У дверей в свою горницу Анна Ефимовна встретила Максима Максимовича. Анна молча вошла, потом повернулась к нему и сразу заговорила:

— Слышь, Максим. Не можно так дале. Разоряется промысел наш. Соль вовсе испоганилась. Покупщики брать не хотят. Подь завтра поутру в варницы. Догляди, что там деется.

— Не бывал я там, Анница. Може иного б кого послала?

— Ты хозяин, — строго сказала Анна. — Тебе и доглядеть надобно. Ну, слухай. Сказывать буду, чего спросить надобно. Перво — давно ль починены цырени, год там аль два? Ладно ли чистят их? Пущай покажут, а ты догляди, много ль на тех цыренях ржавчины? Соль тоже погляди, что вновь выварена, — белая аль черная.

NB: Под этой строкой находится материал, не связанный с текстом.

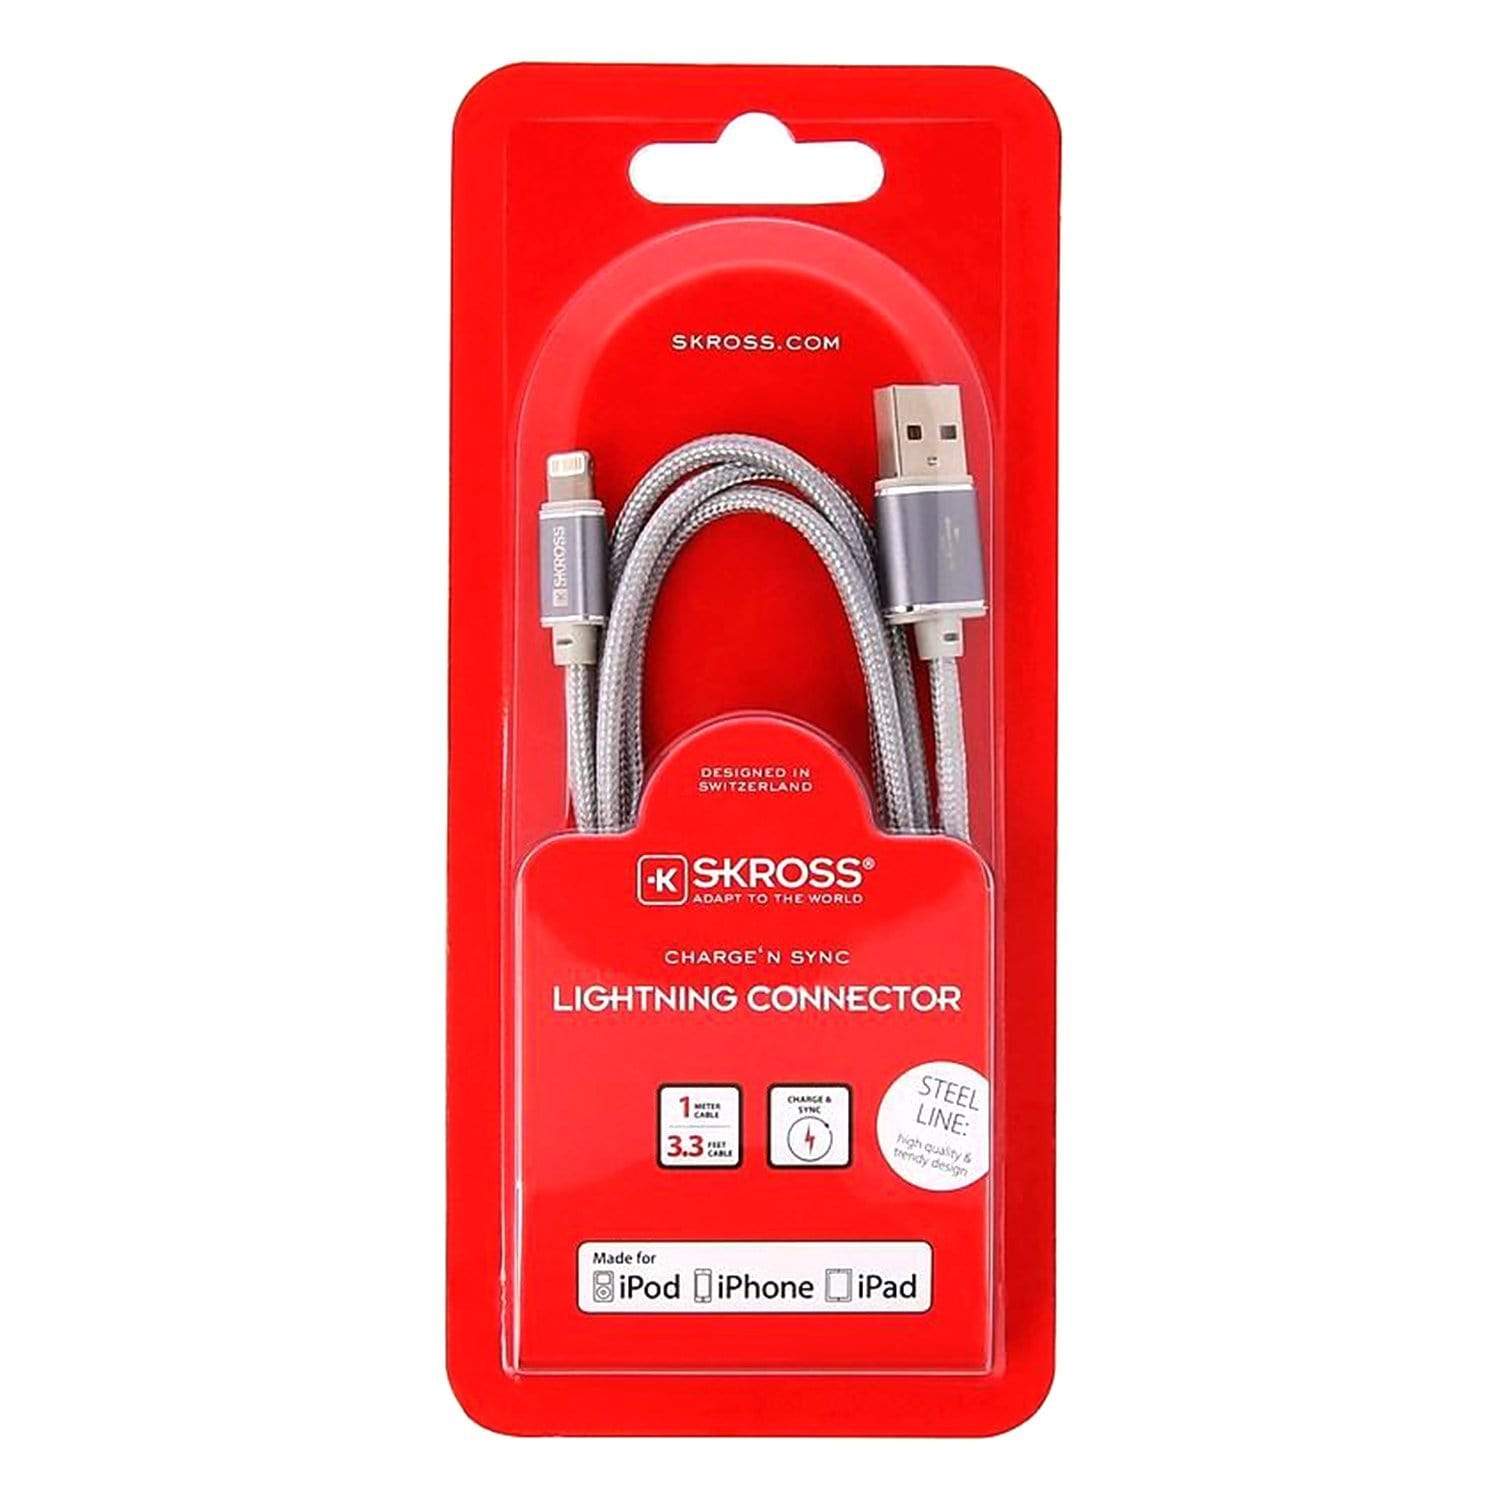 Skross Steel Line Charge N Sync Lightning Connector Cable - Silver - 2700242 - Jashanmal Home
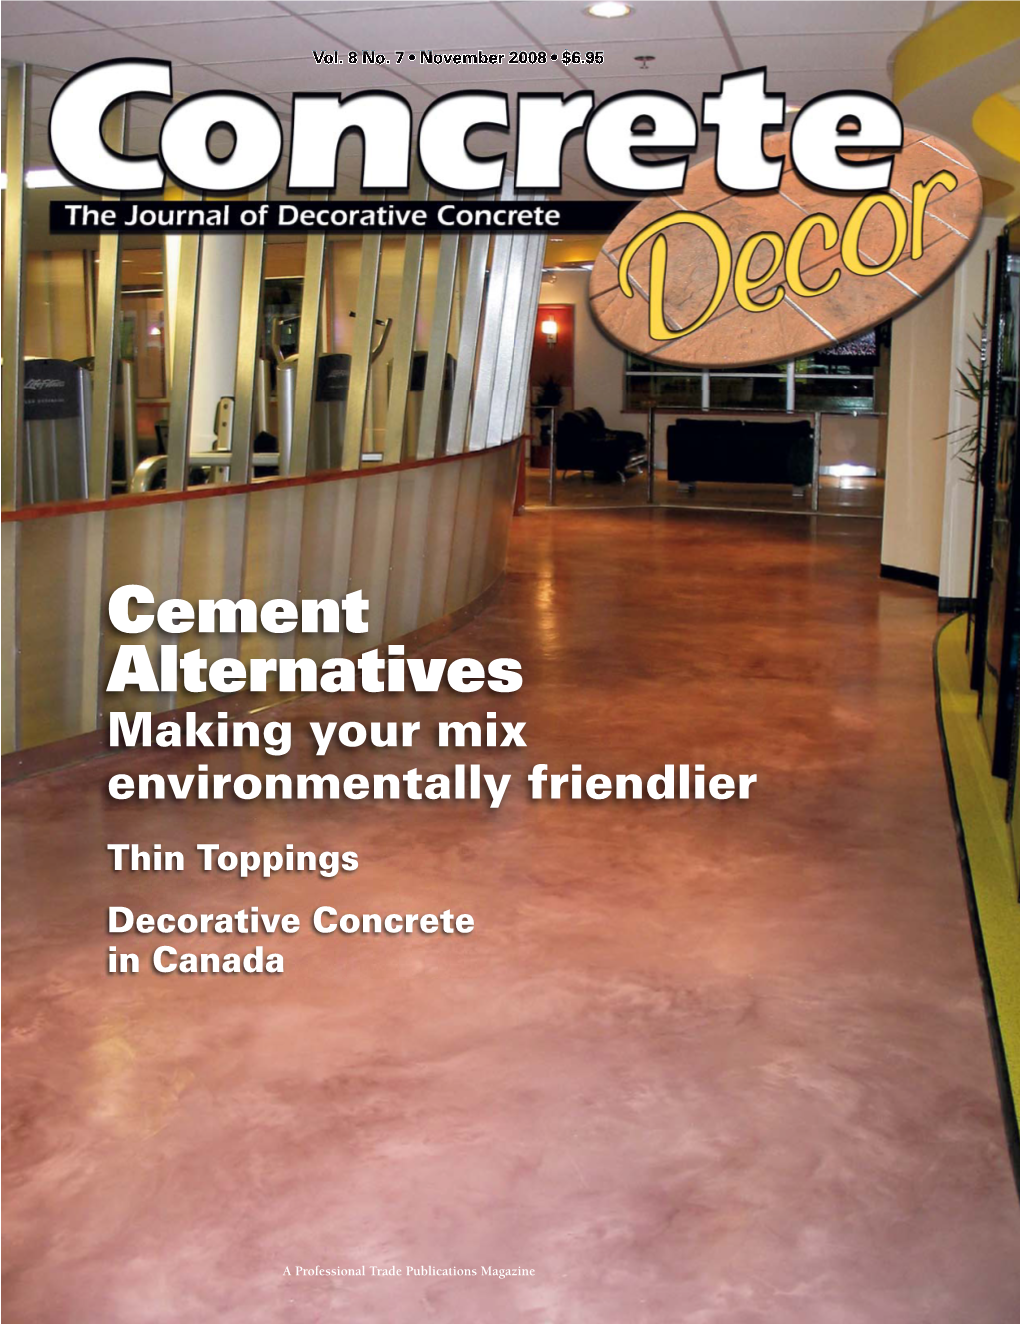 Cement Alternatives Making Your Mix Environmentally Friendlier Thin Toppings Decorative Concrete in Canada

— Белая соль-то, Анница. Завсегда белая. Ведаю я.

— Много ты ведаешь. Была белая, а ноне, будто, черная стала. Скажи, бракуют-де нашу соль покупщики, не берут. Может, зевают, не работают, так с того и соль плоха стала. Попужай их: Ивану Максимовичу, скажи, доведешь, он не помилует. Ну, мотри, памятуй, что молвила я. Про все спытай.

Больше и говорить не стала Анна Ефимовна. Про Жданку она и думать забыла. Промысел из ума не шел. Этакое богатство разоряется. Сама она хоть тоже из купеческой семьи была, да из бедной. Братья ее из сил выбивались, гроши выколачивали на торговле, а тут само богатство в руки идет, а хозяева — один пьяница, а другой — богомолец, поклонами лоб прошиб, весь ум вышиб. Старик Строганов по Вологде знал Аннину семью, не посмотрел на бедность. Думал — она хоть Максима к делу приохотит. Да, видно, дурака на ум не наставить. Анна Ефимовна с досады рукой махнула и пошла спать.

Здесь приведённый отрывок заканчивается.